Hiring will and already has become location agnostic and continuous upskilling and learning will become even more important than before.
What role can technology play in the ongoing evolution and adoption of a hybrid work culture?
Organizations need to have the right tools and technology to ensure secure, flexible, and seamless collaboration across distributed teams that ultimately creates meaningful employee experiences. The IT team needs to move beyond simply managing IT to leveraging technology to create value for the business. Also, in this new reality, where business models keep changing and technologies such as AI, IoT, Blockchain, Big Data, and Cloud gain more prominence, upskilling or reskilling the current workforce can steer organizational success in the right direction, and this should be a key priority of business leaders.
By investing in ‘intelligent workplace’ technologies, businesses can make their workplace smarter and prepare for a long-term future hybrid workplace where more employees than ever will be working from home.
How can leaders strengthen transparency and trust within the confines of digital boundaries?
Reiterating trust in employees will go a long way to keep them engaged and motivated.
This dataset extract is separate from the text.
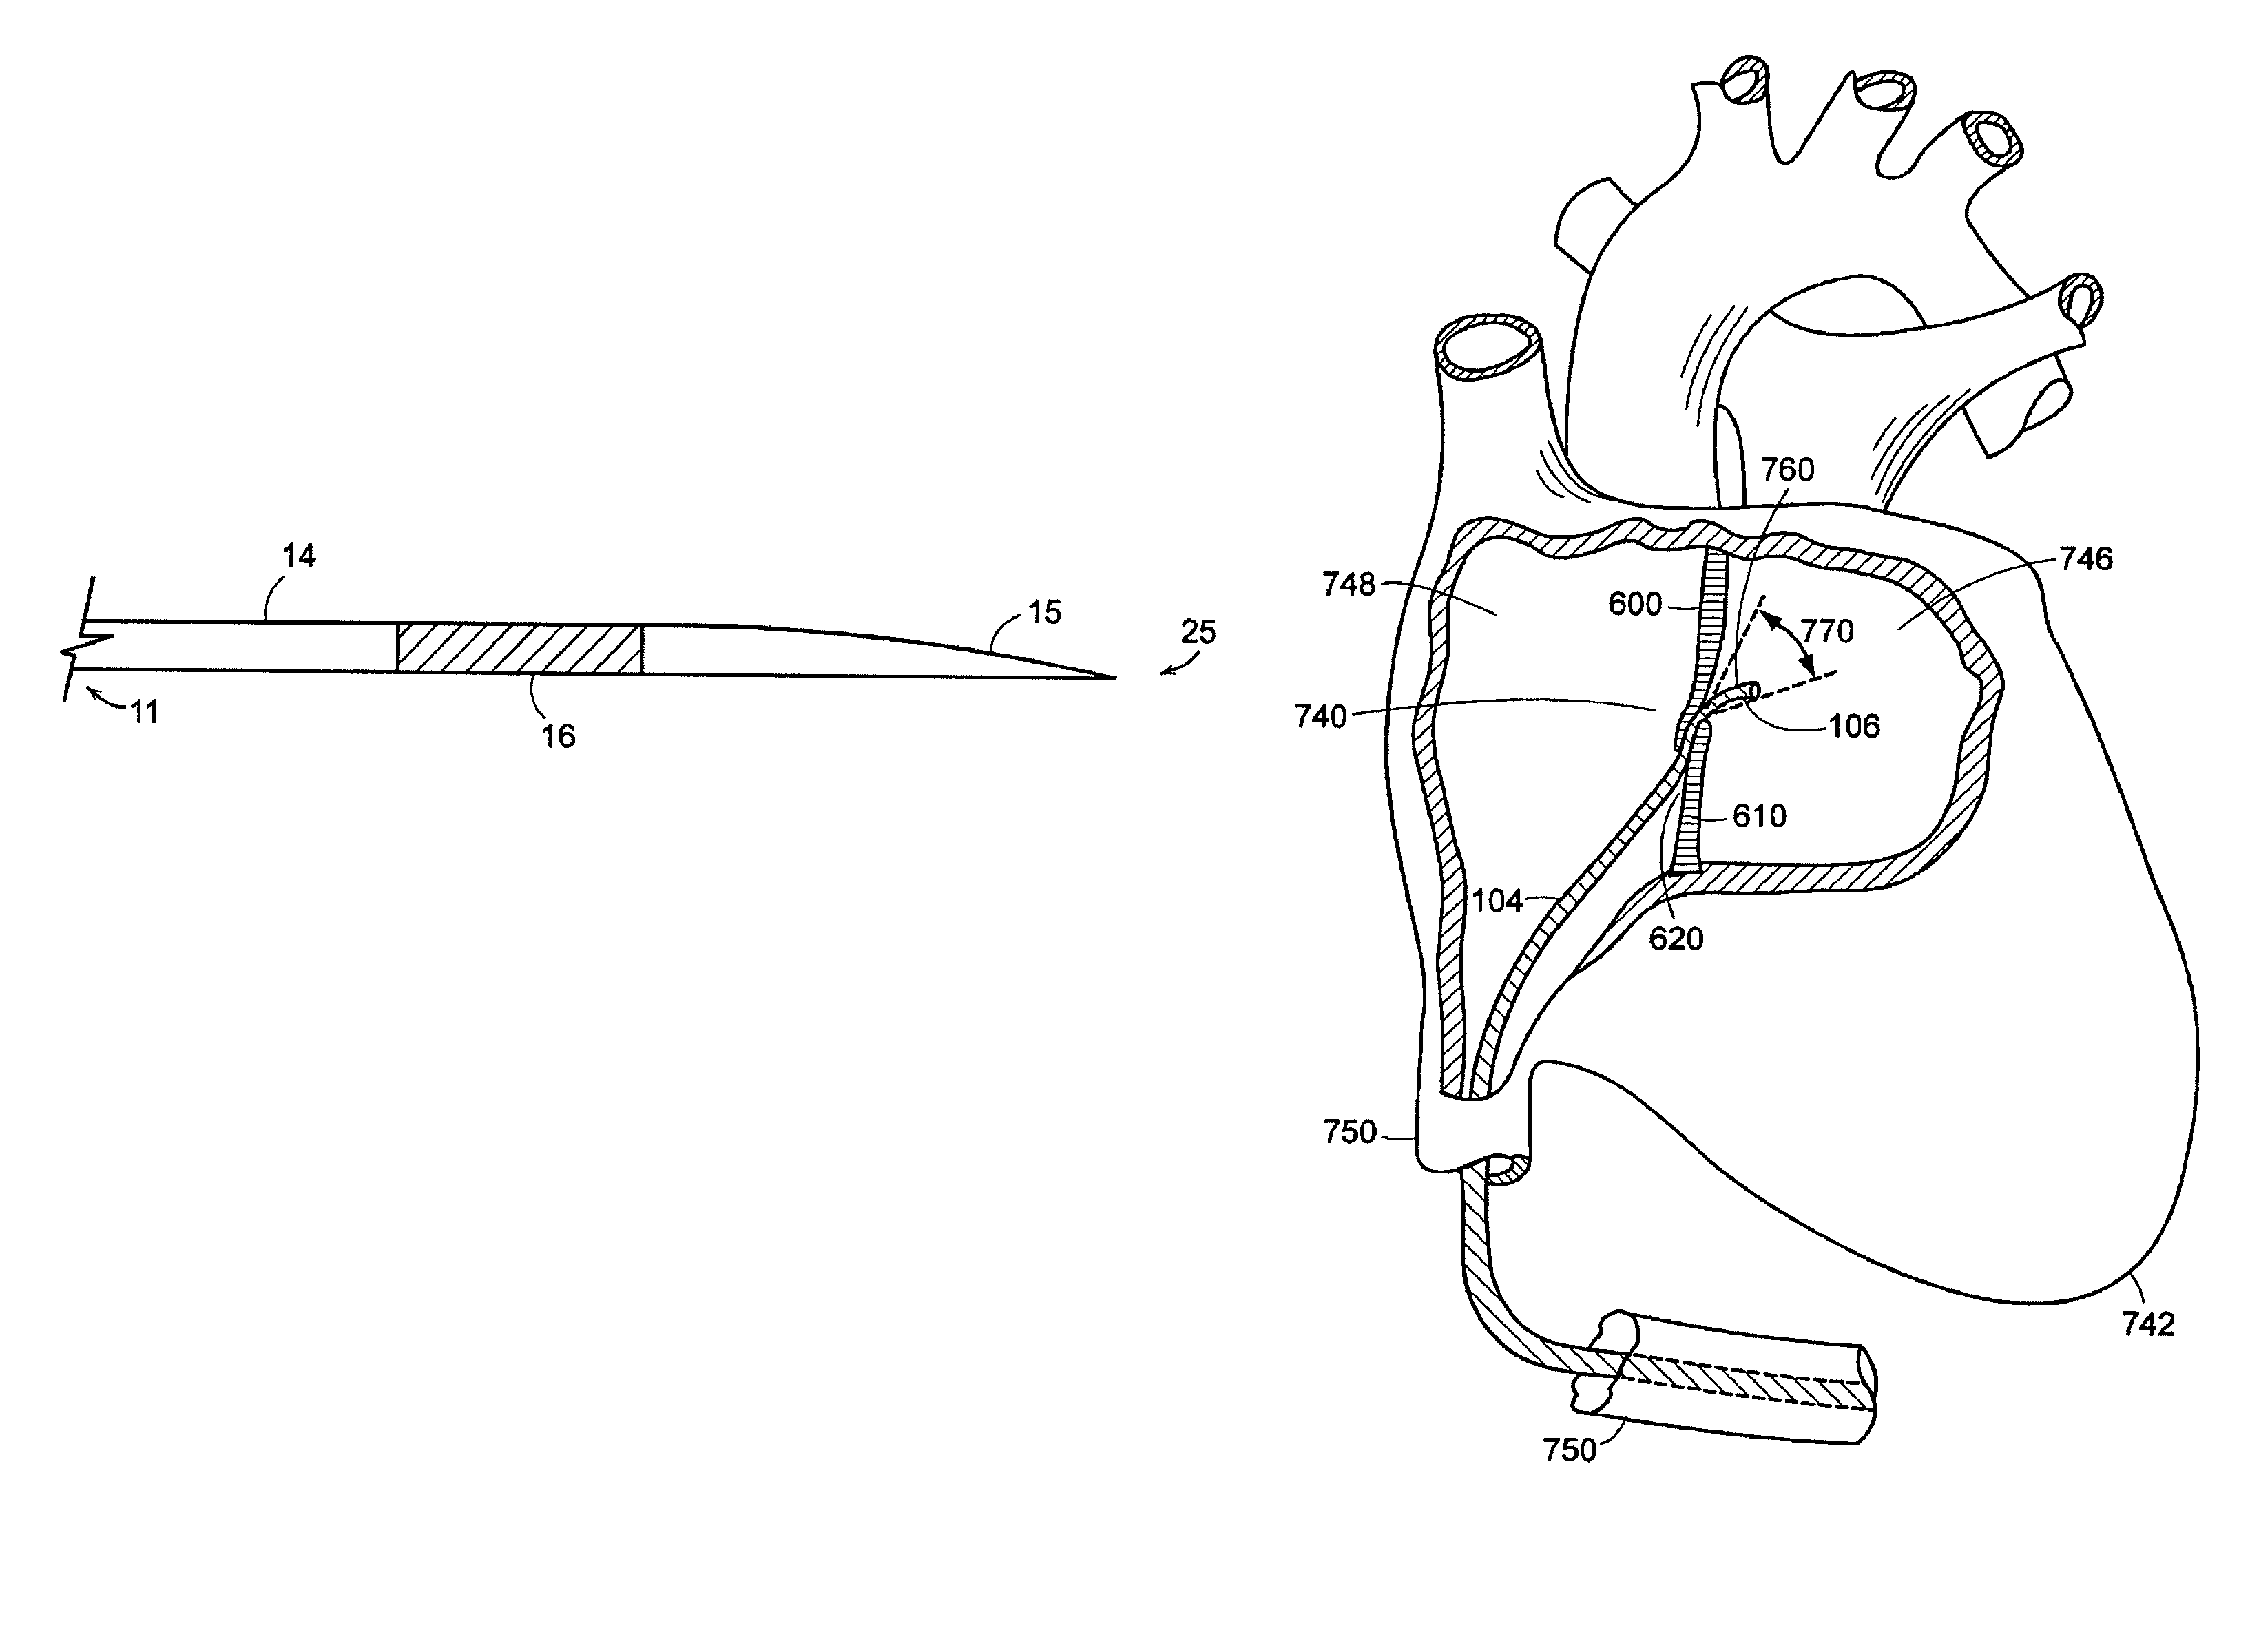 Transseptal puncture apparatus

The second wave of the pandemic saw organizations going above and beyond for their employees by providing aid in the form of life-saving medical equipment, vaccination drives, and Employee Assistance Support.
By having open channels of communication where employees can express their concerns, like a 24/7 helpline, leaders stay connected with the pulse of their organization and adapt to their changing needs.
Keeping employees in the know about what’s going on in the company, how it impacts them, and acknowledging their contributions to the company’s success is the key to building lasting and trusted relationships.
The prolonged crisis has severely impacted employee well-being. What can employers do differently to bring about a meaningful and sustainable shift in the wellness quotient?
Since the pandemic, organizations have been made aware of a whole new spectrum of challenges, including mental health of employees and their families. A long-drawn crisis like this negatively impacts overall well-being and ultimately employee productivity and team culture. Mental health is an important factor in our overall well-being and as essential as physical health. Organizations must invest in mental health & well-being programs, these are now critical for maintaining employee morale, resilience in the face of organizational change, and innovation.
At Pitney Bowes, we have a dedicated 24/7 helpline and 24/7 free-confidential counseling services for employees and their families. We organize regular workshops for employees by mental health professionals and in May this year we hosted a ‘Mental Well-being Week’ and held themed sessions by industry experts, special guest speakers, and our internal wellness team.
In your opinion, what are the cornerstones of building an inclusive and high-performing digital work culture?
Only talent matters. Pitney Bowes has a long-standing commitment to ‘Diversity & Inclusion’ and has been an equal opportunity employer for a century now, which continues into today’s new remote/hybrid workplace era. We hire the best talent regardless of geography, generation, gender, sexual orientation, race, ethnicity, disability, religion, thoughts and communication styles. While this rich mix distinguishes us as individuals, it also enhances our business to give our clients the best value. Our ability to look at things from diverse perspectives helps us drive innovation and success.